- Born: September 1, 1914 New York City, US
- Died: February 4, 2005 (aged 90) Bayonne, New Jersey, US
- Place of burial: Holy Cross Cemetery, North Arlington, New Jersey
- Allegiance: United States
- Branch: United States Army
- Service years: 1942–1945
- Rank: Second Lieutenant
- Unit: 143rd Infantry Regiment, 36th Infantry Division
- Conflicts: World War II
- Awards: Medal of Honor Silver Star Bronze Star with cluster Purple Heart with cluster French Croix de Guerre Combat Infantry Badge

= Stephen R. Gregg =

Stephen Raymond Gregg Sr. (September 1, 1914 - February 4, 2005) was a United States Army soldier and a recipient of the United States military's highest decoration—the Medal of Honor—for his actions in World War II.

==Biography==
Gregg was drafted into the Army from Bayonne, New Jersey in February 1942, and by August 27, 1944 was serving as a technical sergeant in 143rd Infantry Regiment, 36th Infantry Division.

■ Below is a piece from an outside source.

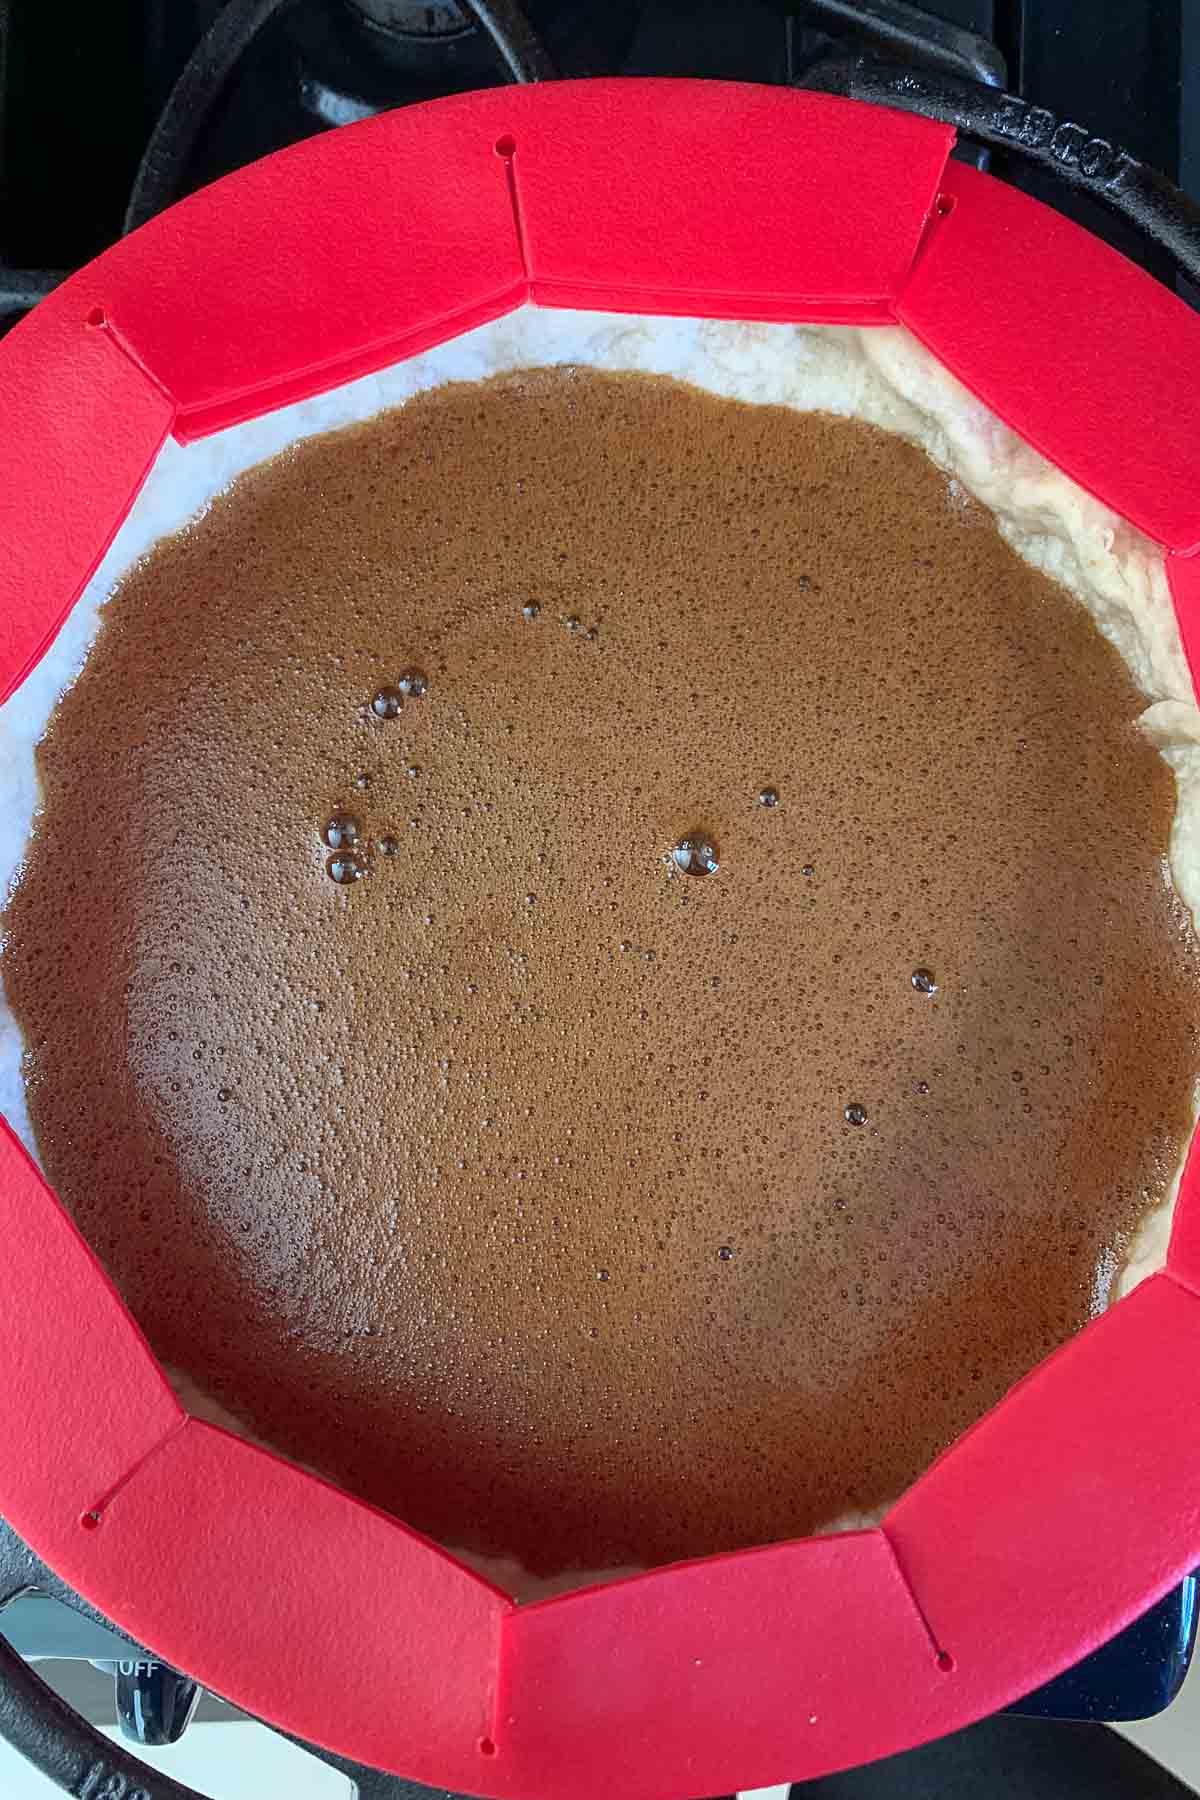 Wet filling for shoofly pie in a pie crust.
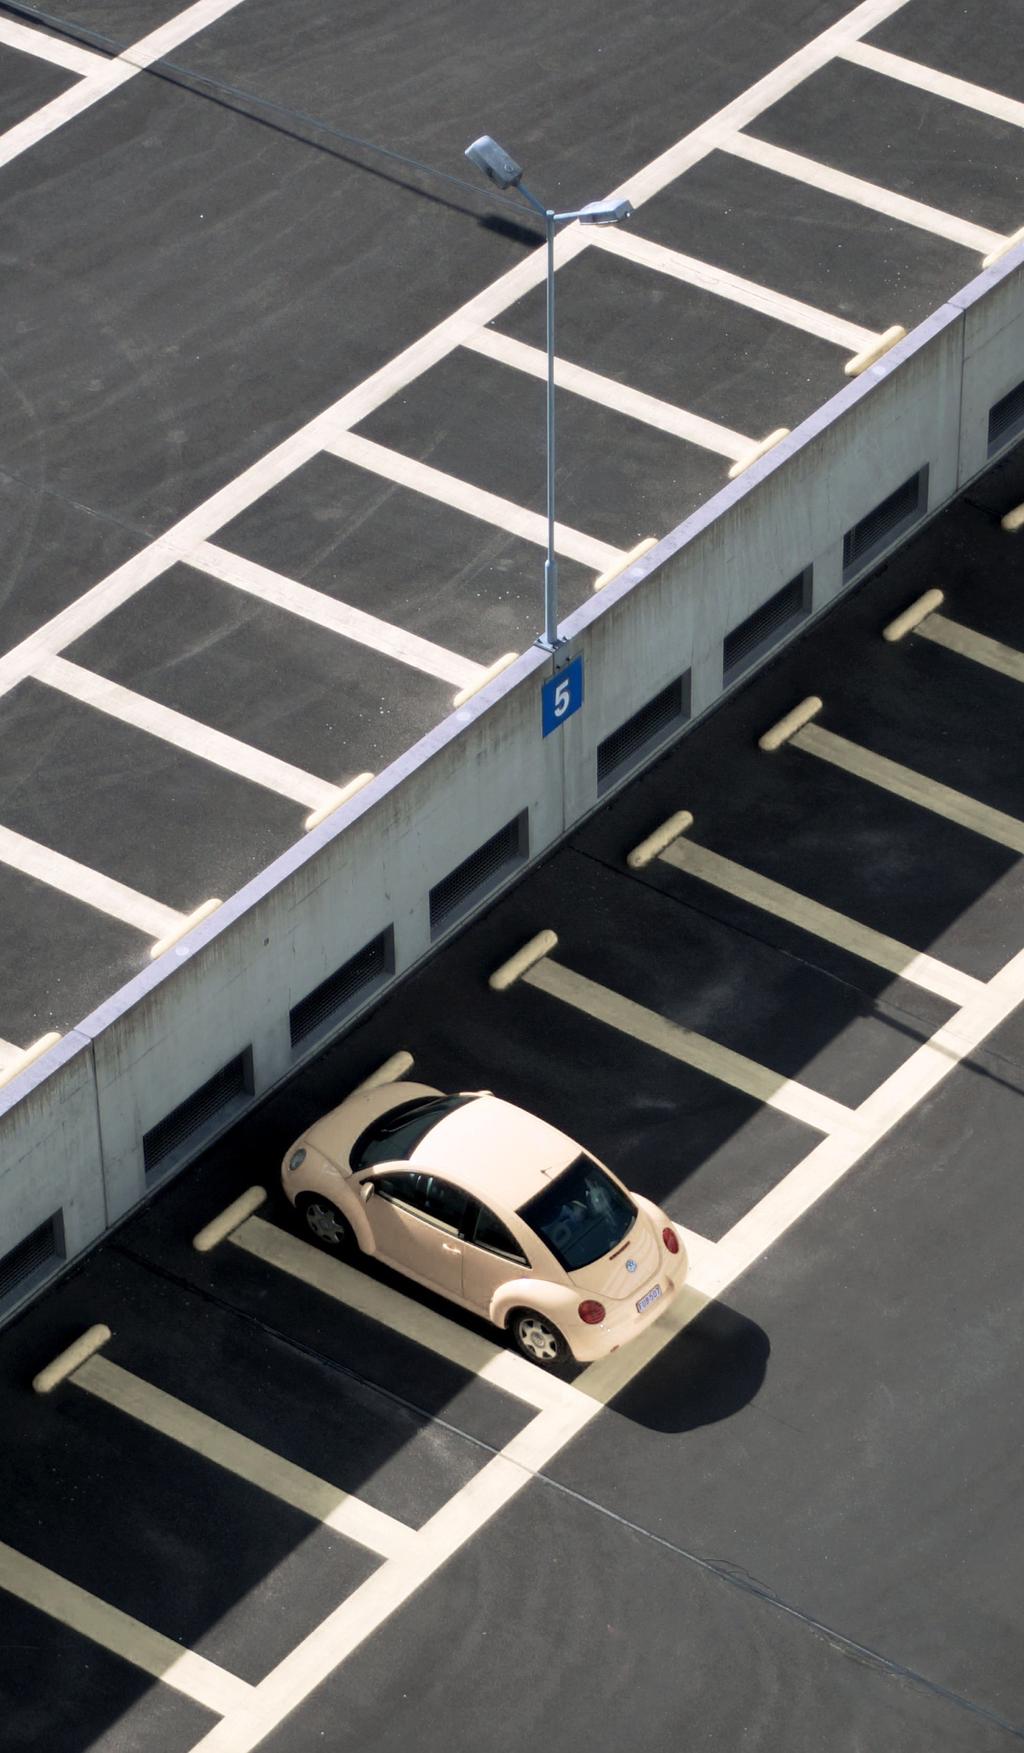 Niewykorzystany potencjał parkingu 66% * Na parkingach w w centrach biznesowych codziennie zajętych jest średnio ok. 66%* miejsc parkingowych. Pozostałe są niewykorzystane przez większość dnia!

On that day, near Montélimar, France, he provided covering fire for a combat medic who was evacuating wounded men to safety. Gregg was briefly captured by German soldiers, but managed to escape and returned to the fight. The next day, he directed the fire of his mortar section until communications were disabled. Upon learning that the mortar position had been captured and was being used to fire on his own company, he attacked and re-took the mortars. Gregg was subsequently promoted to second lieutenant and, on April 17, 1945, was presented with the Medal of Honor by Lt. Gen. Alexander M. Patch Jr., Commanding General of the U.S. 7th Army. He is one of 16 New Jersey and one of two Bayonne residents to receive the Medal of Honor from action taken in World War II.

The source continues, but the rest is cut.